D’ailleurs, le phénomène nommé « culte abusif » ( yinci 淫祠) est très ordinaire dans le domaine de la croyance populaire. Les Chinois anciens ont la tradition de rendre le culte à une variété d’objets et de personnes, considérés comme capables de les protéger et les aider, dignes d’un hommage particulier, ou, comme dans notre cas, susceptibles de nous causer des fléaux, faute de sacrifices. Et si les gens leur dressent des temples et consacrent des sacrifices, ces objets et ces personnes pourront occuper des places quasi-équivalentes des dieux, seulement ils auront une influence moins importante. Le culte abusif est dans la plupart des cas régional et il existe souvent dans une durée courte, en raison de l’utilitarisme des croyants qui ont le culte seulement pour satisfaire leurs voeux ou se protéger de toutes sortes de désastres, et qui construisent les temples et consacrent les sacrifices pour des buts déterminés. Les objets et les personnes de culte varient selon les différentes régions et leurs choix sont souvent subjectifs et hasardeux.

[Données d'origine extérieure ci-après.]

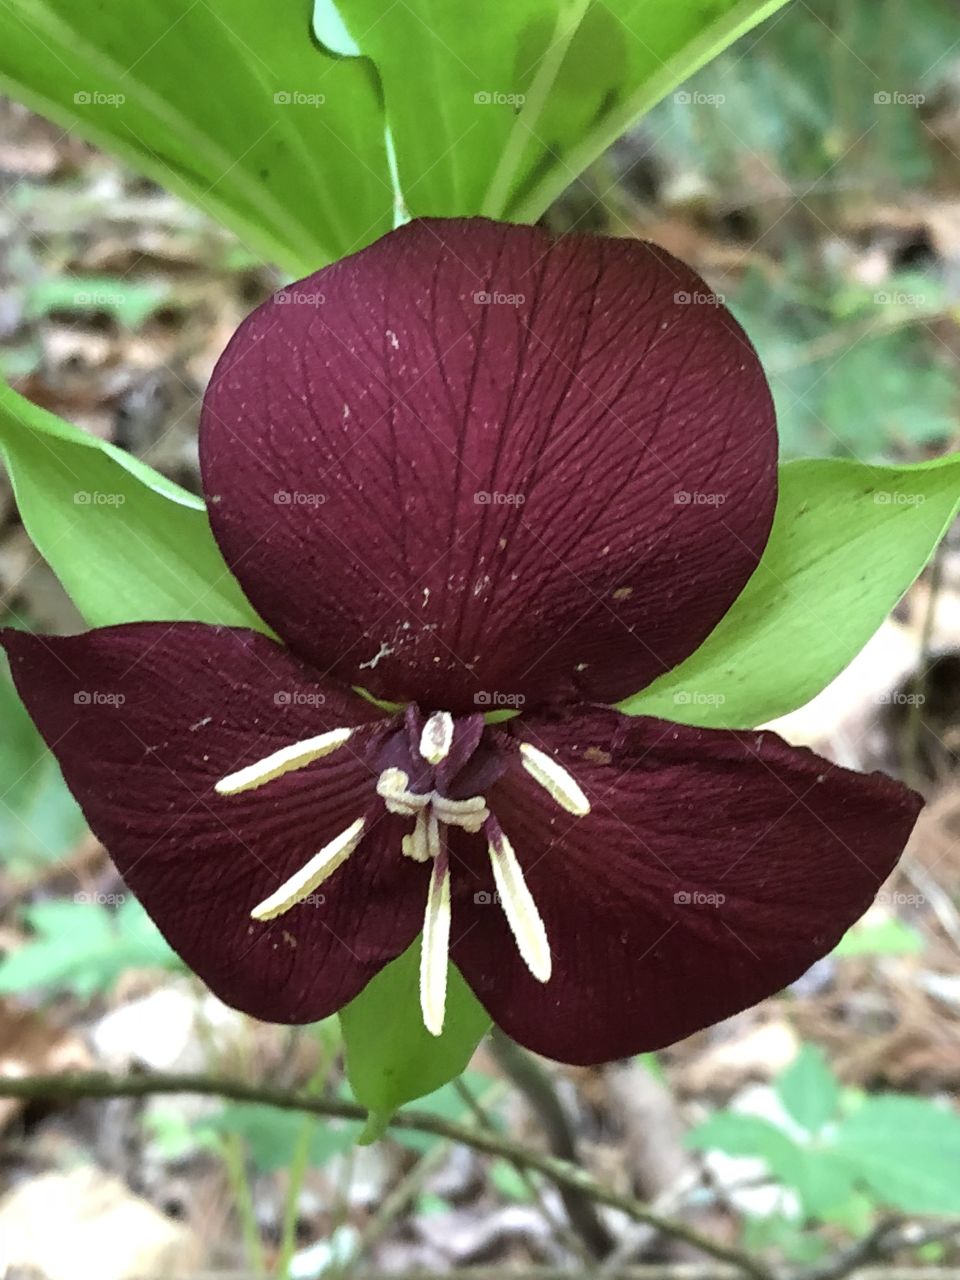 A trillium of a most unforgettable color hides underneath. To find the treasure, one only needs to look closely beneath the green growth of spring.

Le culte abusif a souvent pour résultat la consommation démesurée de force humaine et d’argent, c’est pourquoi le gouvernement a toujours tendance à le réprimer, ce qui nous amène à l’autre point remarquable dans le texte : le conflit entre le « dieu à devenir » et l’autorité gouvernementale. Dans notre texte, les trois tours de calamités ( l’épidémie, les petits insectes mortels, les incendies) sont en apparence destinés aux gens ordinaires puisque c’est eux qui en sont les victimes, mais au fond les calamités sont causées pour défier le pouvoir central, le roi de Wu, puisque il ne permet pas d’élever le temple en honneur de Jiang Ziwen. Nous voyons là un thème très développé dans la littérature merveilleuse chinoise : le débat entre les dieux et le pouvoir de l’Etat. Il existe une relation délicate entre les deux ordres. La croyance des dieux est quelquefois mise au service de l’Etat pour maintenir la stabilité et l’harmonie sociales, mais une fois qu’elle est jugée comme susceptible de nuire à la bonne administration et de menacer le pouvoir politique, le gouvernement les élimine sans hésitation pour garantir l’absolue autorité de l’Etat. Il est aussi à noter que malgré les conflits, le mort Jiang Ziwen doit avoir la

reconnaissance sociale ( soit en forme de la construction d’un temple, soit par l’investiture dans un poste mandarinal ) pour devenir un vrai dieu, et que finalement c’est l’autorité administrative ou politique qui a « légalisé » son statut de dieu, en lui accordant une place dans le système officiel :

« Le prince envoya un ambassadeur pour conférer à Ziwen le titre de marquis de la capitale et celui de colonel du Changshui à son frère cadet Zixu ».

Comme l’action de réprimer, celle d’amadouer de la part du gouvernement à l’égard de ces dieux montre bien son effort pour les intégrer dans le système politique. Ainsi se nouent des relations entre les deux bureaucraties, la réelle, celle des hommes, et la fictive, celle des dieux, sur laquelle la bureaucratie réelle a toujours droit de contrôle.